▶ [WORK INSTRUCTION]:
Nothing but the pictures is dropped; write out all the remaining data below exactly.

▶ [SOURCE DATA]:
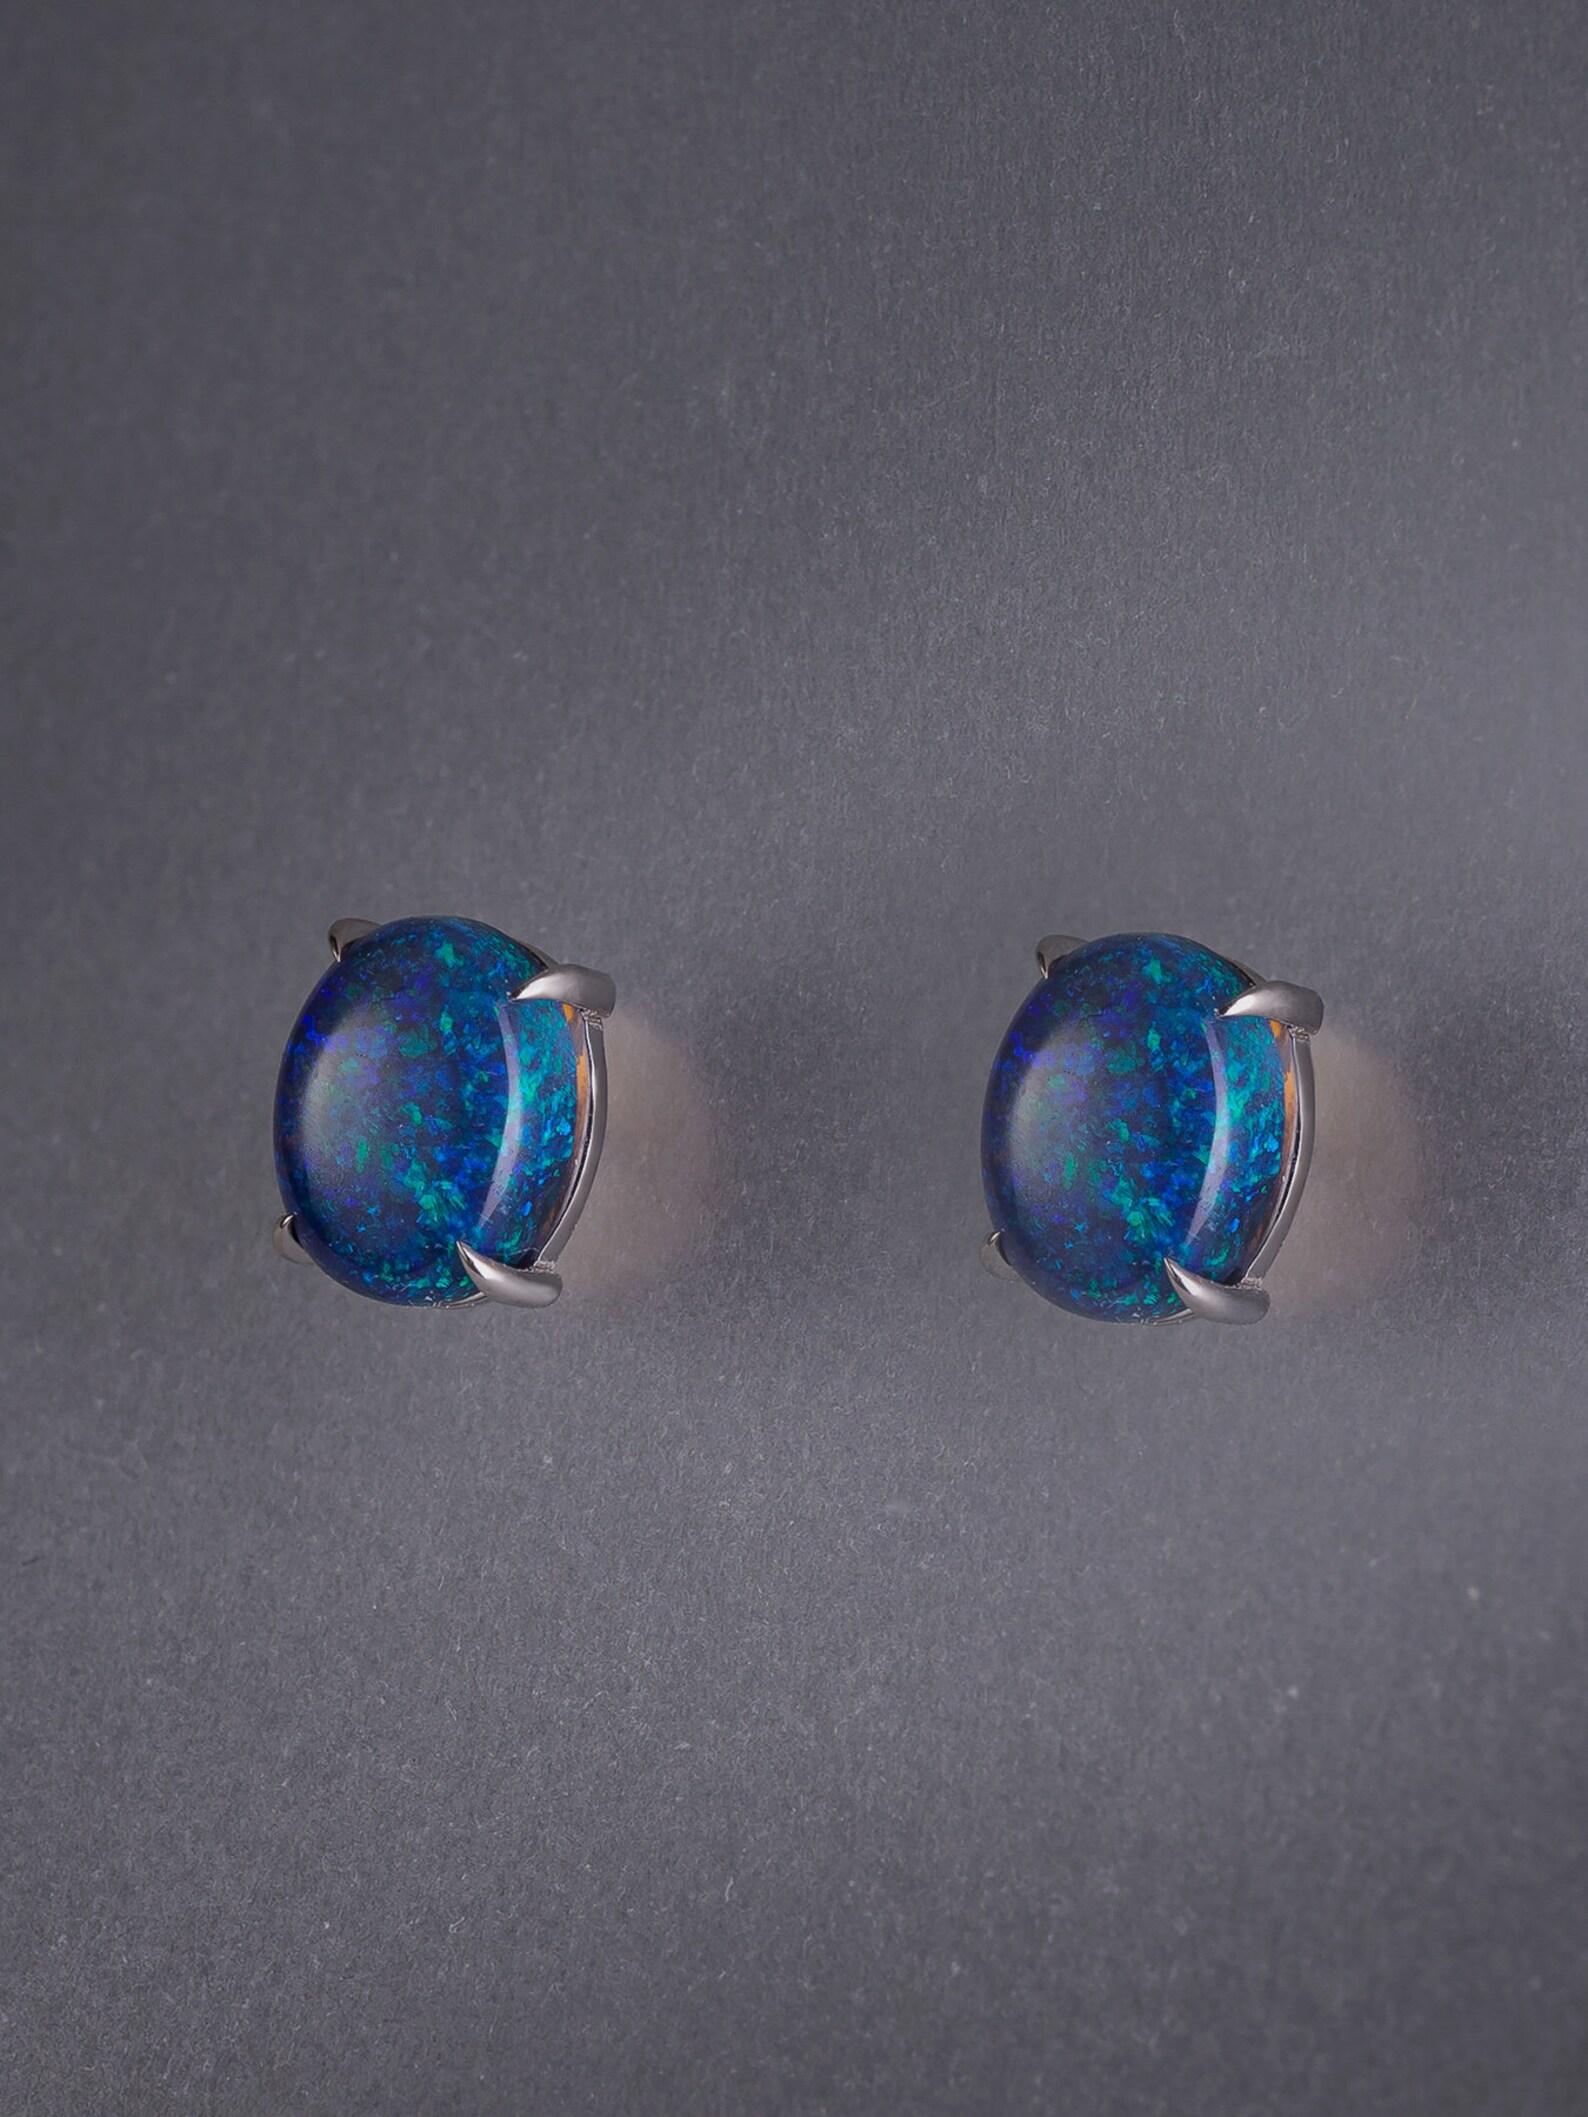 black opal earrings studs
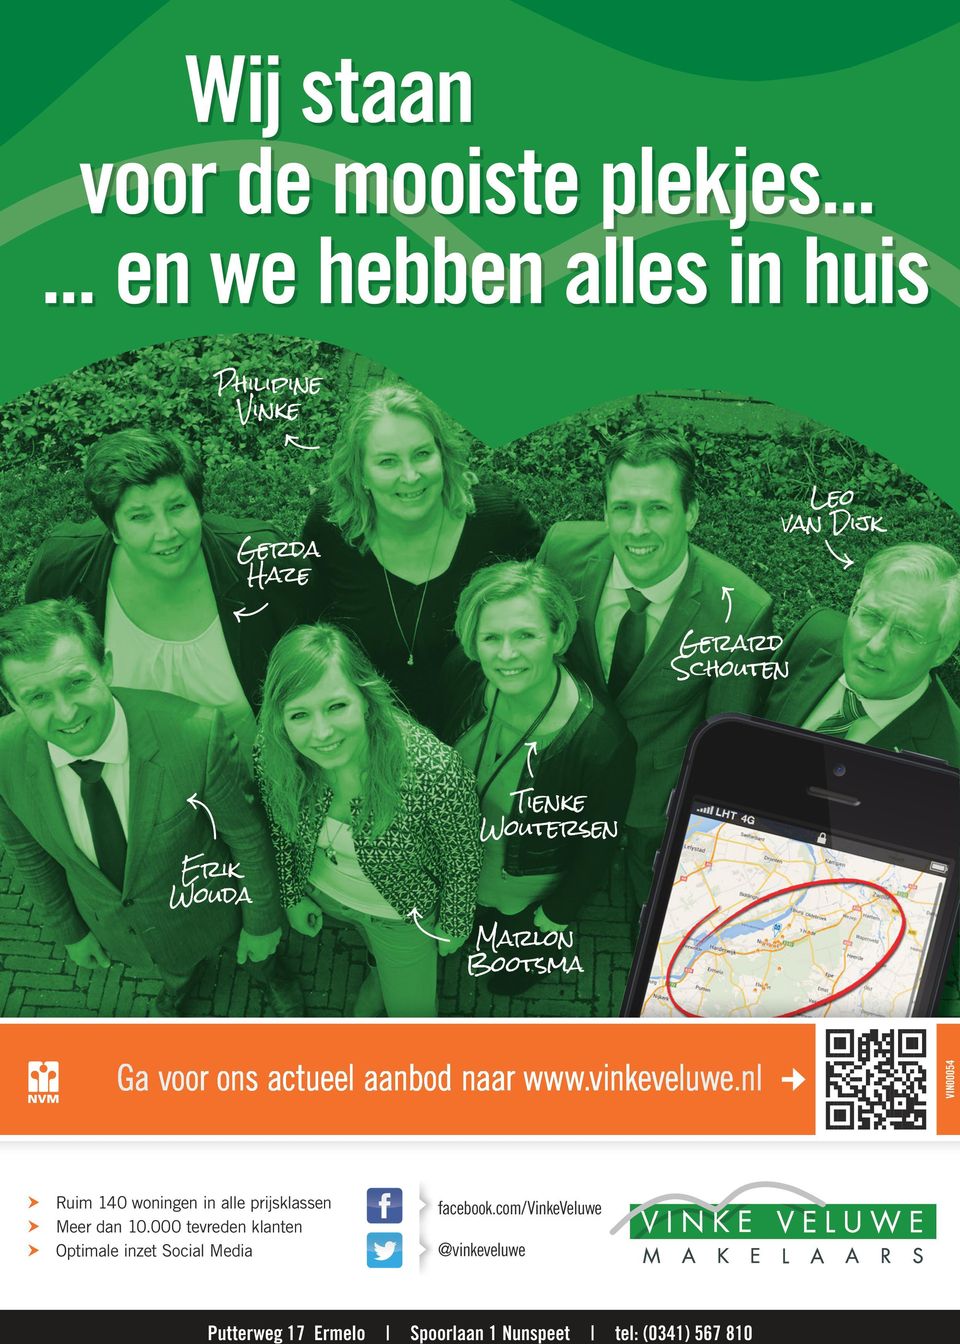 voor ons actueel aanbod naar www.vinkeveluwe.nl hh Ruim 140 woningen in alle prijsklassen hh Meer dan 10.
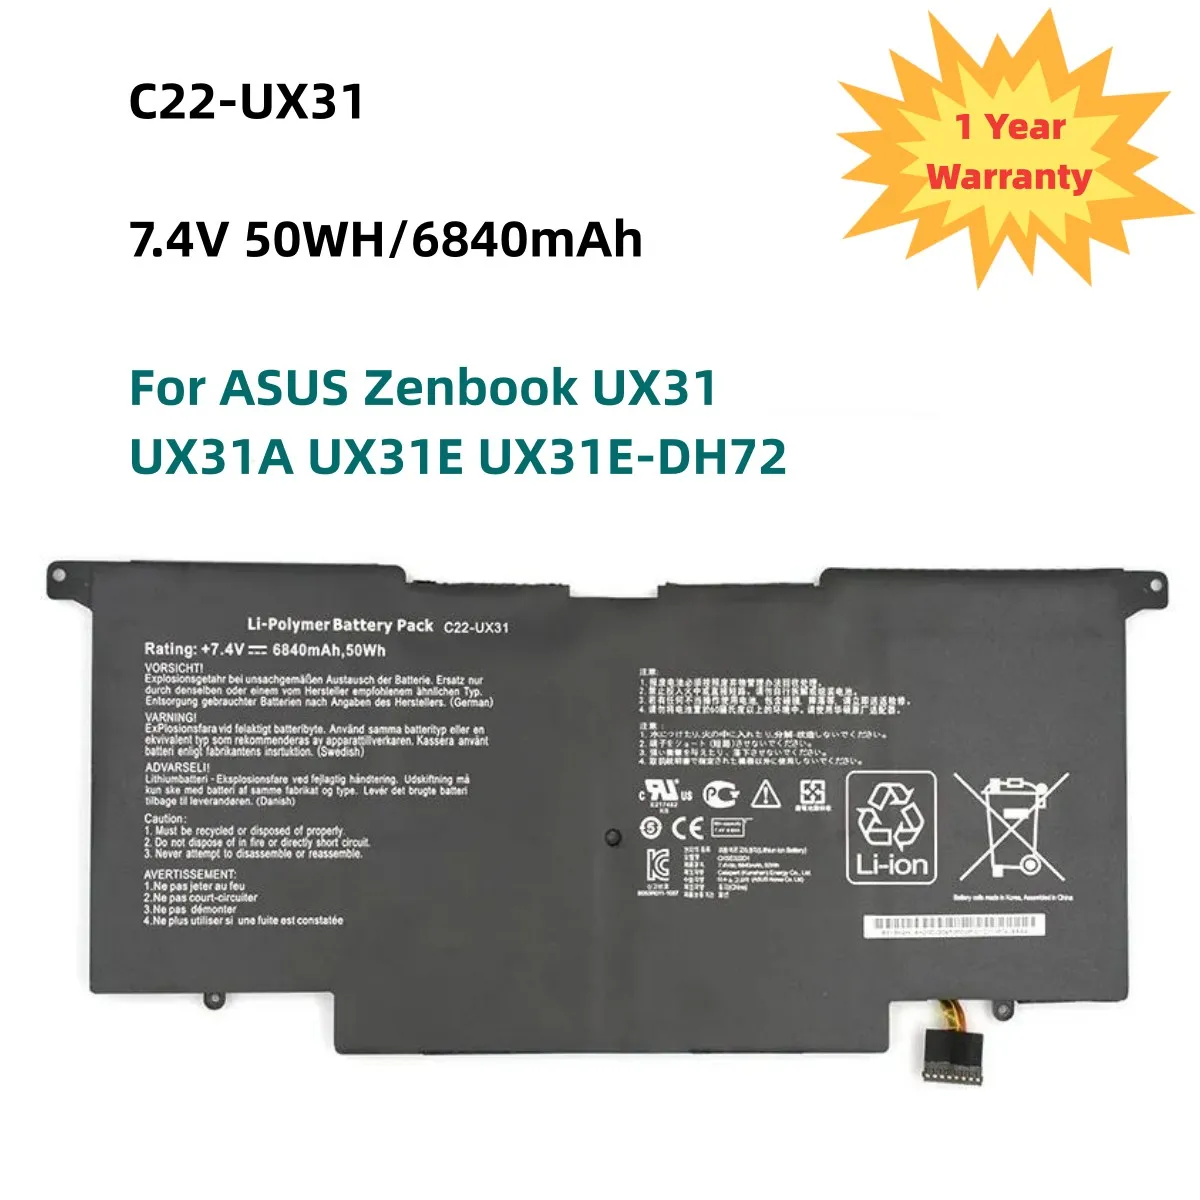 

New C22-UX31 Laptop Battery for ASUS Zenbook UX31 UX31A UX31E UX31E-DH72 C22-UX31 C23-UX31 7.4V 50WH/6840mAh

▶ [TASK ANSWER]:
 black opal earrings studs
 voor ons actueel aanbod naar www.vinkeveluwe.nl hh Ruim 140 woningen in alle prijsklassen hh Meer dan 10.

New C22-UX31 Laptop Battery for ASUS Zenbook UX31 UX31A UX31E UX31E-DH72 C22-UX31 C23-UX31 7.4V 50WH/6840mAh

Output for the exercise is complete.